Very often, I find that understanding the proof dramatically improves my understanding of the definitions (noticing a theme here?). It makes it much clearer to see why they were crafted how they were, or under which types of cases the theorem doesn’t hold. But especially, understanding proofs means you’re gaining skill in understanding how proofs work, how they actually bring about the conclusion. Proofs are made of techniques, which are modular mechanisms that can be brought to bear on other problems. And that’s what will get you the next level of skill.

Generating

After you’ve attained a skill level that lets you fully understand a proof, the next level of skill is where you could have generated the proofs yourself, given the theorem statement. After that it goes backward; given the definitions, can you generate the theorem? And given only a pre-formal understanding of the domain, can you generate the definitions?

Proofs

Being able to prove theorems is a huge part of what you are aiming for when training to become a mathematician. And I think it’s also often a sufficient level of skill. There are many domains where there are conjectures left and right, and the shortage is in proving them.

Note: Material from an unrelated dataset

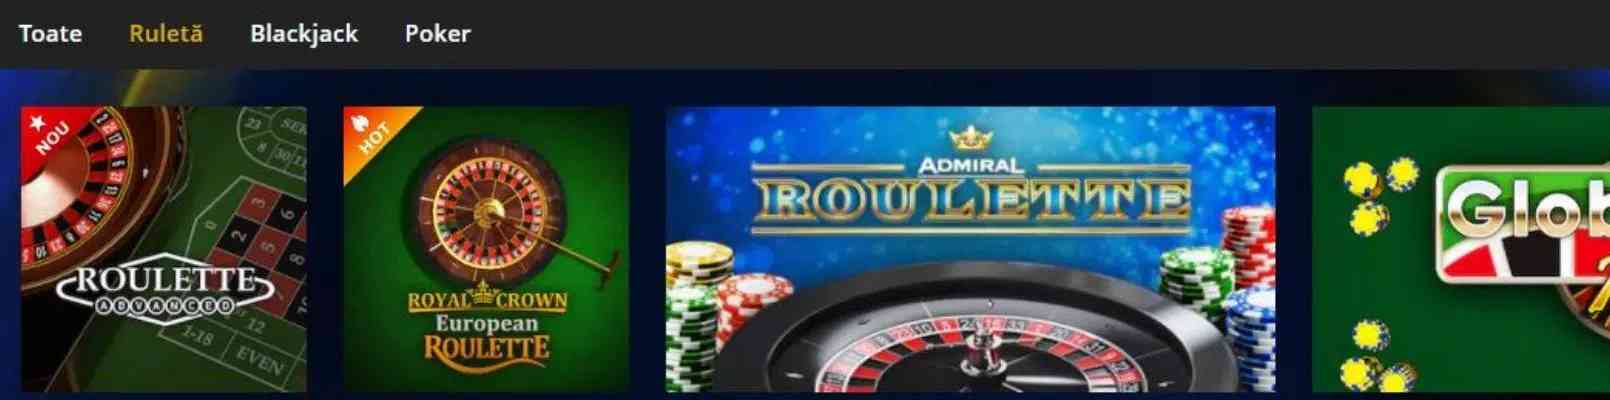 admiral ruleta 2021 casino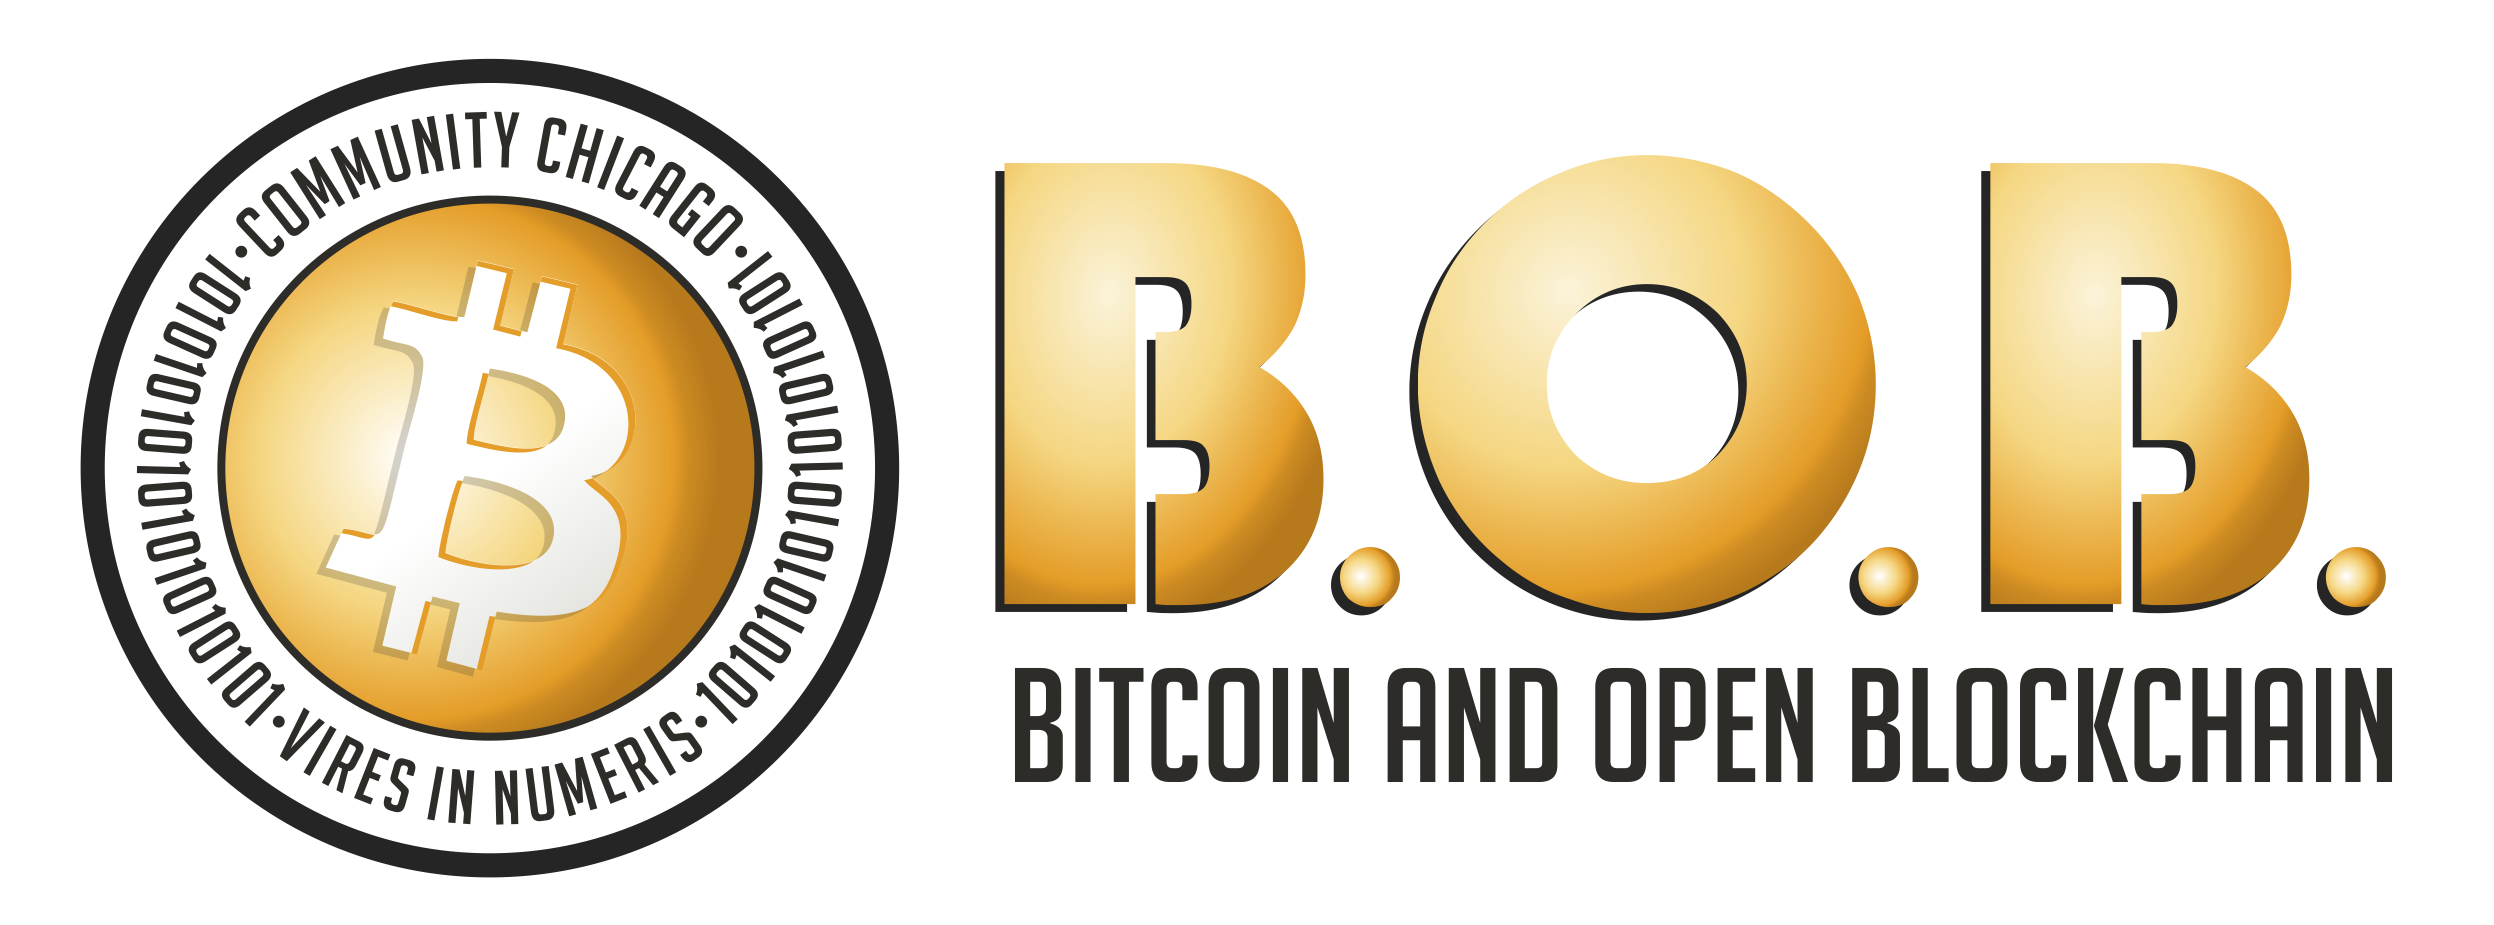 Bitcoin and Open Blockchain Chicago Meetup

You may be thinking about some famous conjectures whose proofs would be the ultimate high-status accomplishment, such as the Riemann hypothesis or P = NP. But I think these are so famous exactly because they are exceptional; once someone has located a very very convincing conjecture, it’s usually relatively easy to prove it. Usually the reasons we believe them are the essence of why they’re true, and thus we can locate a proof by translating our reasons into the formal math. So when the proof resists being found, it becomes even more conspicuous and interesting. Proving theorems is also a challenge that is well-suited to prizes, because solutions are objectively validatable. It would be significantly harder to judge a prize for someone to come up with great conjecture (let alone great definitions).

Theorems

Generating interesting theorems in a domain requires quite a lot of insight and creativity. Many simple theorems will follow naturally from definitions; these are often considered “basic properties” or “lemmas”. An example would be the linearity of the derivative, or the chain rule, or the infinitude of primes. Checking examples is also a form of theorem; for example, you could check whether a property holds for the empty set, or the identity function. These kind of checks can usually be done as part of understanding definitions (and will be a basic skill for working mathematicians).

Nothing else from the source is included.